In addition, whenever the woman in question leaves him, Clay goes into a tailspin of depression and rage and anxiety, as if he had been betrayed by somebody whom he deeply loved — despite the fact that the whole situation, up to and including the woman’s departure, is something that Clay himself has pretty much all scripted in advance. So what we get, in the course of Imperial Bedrooms, is a lot of hysteria and emotional turmoil, all the more disturbing for the fact that it is depicted so coldly and flatly, and that there is nothing whatsoever behind it. Al of this builds up gradually, so it takes a while for the reader to figure out that there really isn’t anything to figure out, and that what we see is what we get. At the start of the book, we are inclined to think that Clay is just passive and vapid, the way he was in Less Than Zero; it takes us a while to realize just how complete a psychopath he is.

I said that, in genre terms, Imperial Bedrooms is Hollywood Noir; in interviews, Ellis has mentioned Raymond Chandler as a particular influence, and Chandler provides one of the novel’s epigraphs: “there is no trap so deadly as the trap you set for yourself.” Another one of the novel’s accomplishments is that it both honors the genre’s conventions, and turns them inside out. There are all the trappings of a violent and sordid Hollywood mystery: a femme fatale (Rain Turner), a menacing gangster  type (Rip Millar, the drug dealer from Less Than Zero), intimations of conspiracies, people spying on Clay and sending him disturbing anonymous messages, etc. But the logic of noir gets inverted, as we gradually realize that Clay is neither solving a mystery, nor finding himself lured into crime, vice, and ruin. Rather, he is one of the perpetrators, one of the people who makes the mystery. He doesn’t commit a murder for money or for a woman — both of these are things that he already has easy access to. The femme fatale is essentially his victim, rather than the reverse. Even the massive betrayal that Clay commits at the end of the book is not a surprise, since he has already confessed to it in the opening pages.

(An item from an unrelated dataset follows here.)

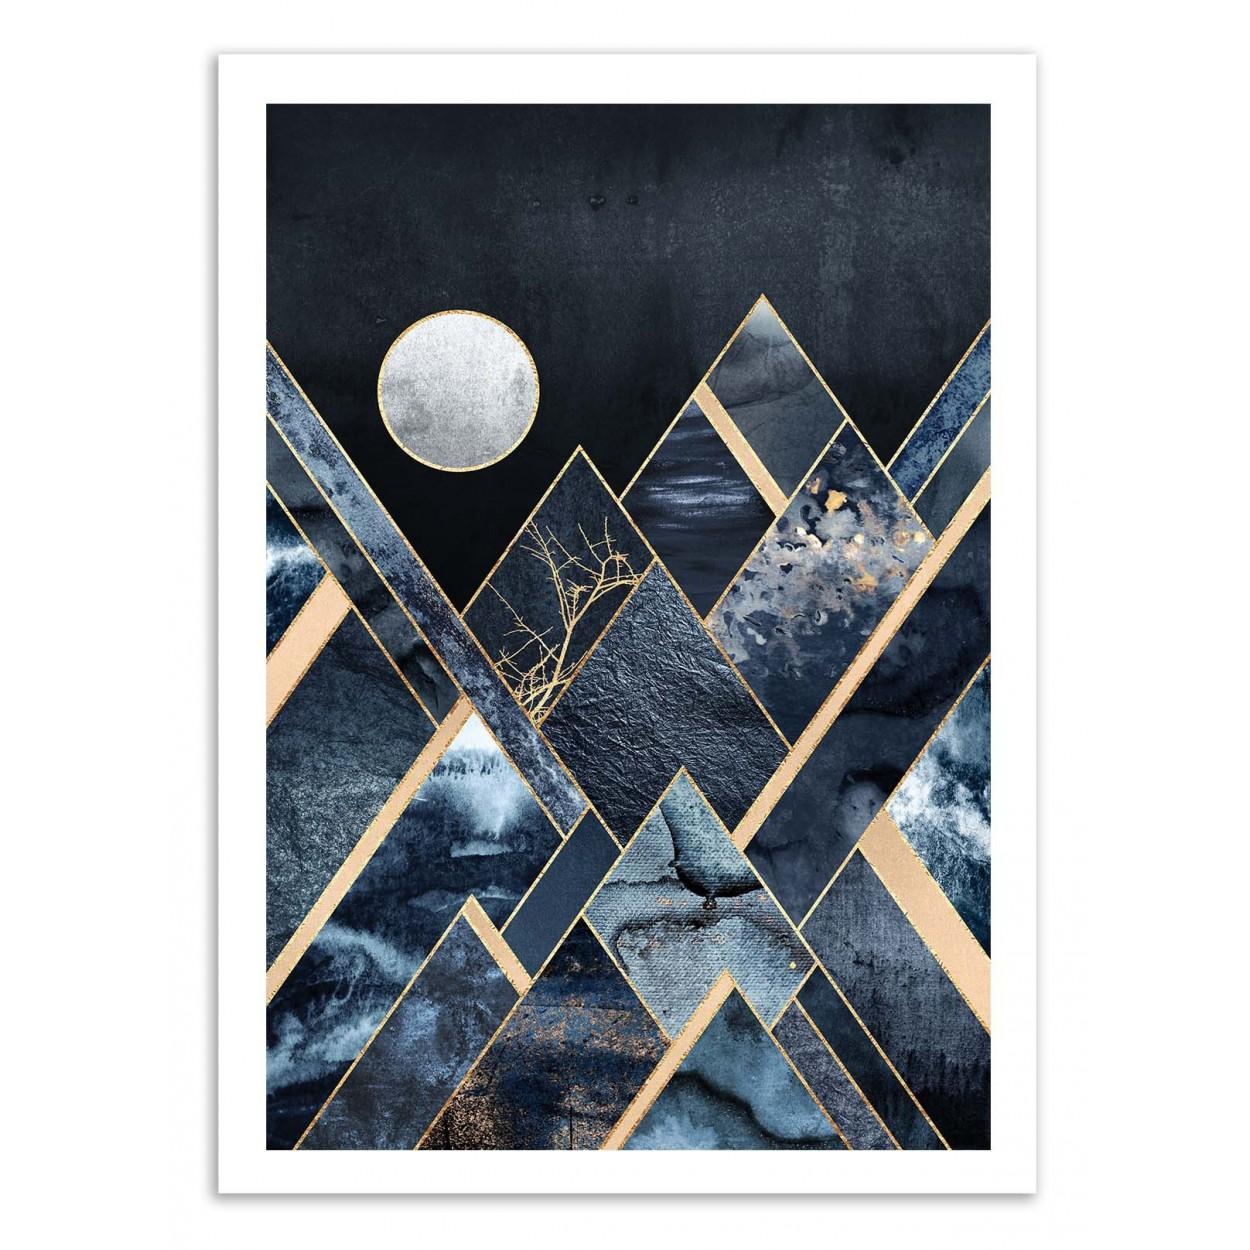 SMOCKY MOUNTAINS - Affiche d'art 50 x 70 cm

There’s an incredible coldness in Imperial Ballrooms; and this is something that has to do with the background of comfort and power and privilege that the novel depicts: a comfort and power and privilege that all the rich white men in this novel have, and take entirely for granted. In this sense, the novel is not about the fictions that Hollywood produces, so much as it is about the people who produce them. Beneath the flatness and coldness, there’s a savagery about Hollywood here that rivals the great portrayals by Nathanael West (Day of the Locust) and F. Scott Fitzgerald (The Last Tycoon). It’s as if Ellis has updated these portrayals for the postmodern age, so distant from the classic Hollywood of West and Scott, and yet in basic continuity with it; and combined it with James Ellroy’s take on Hollywood’s sleazy underside. What Ellis adds to all of these, perhaps, is a sense of the everydayness of what, from another angle, might be seen as depravity. This is both because of the privileged status of his narrator, and that narrator’s friends and milieu, and also because of the way, as I said before, a total media immersion is taken for granted as one of the story’s premises.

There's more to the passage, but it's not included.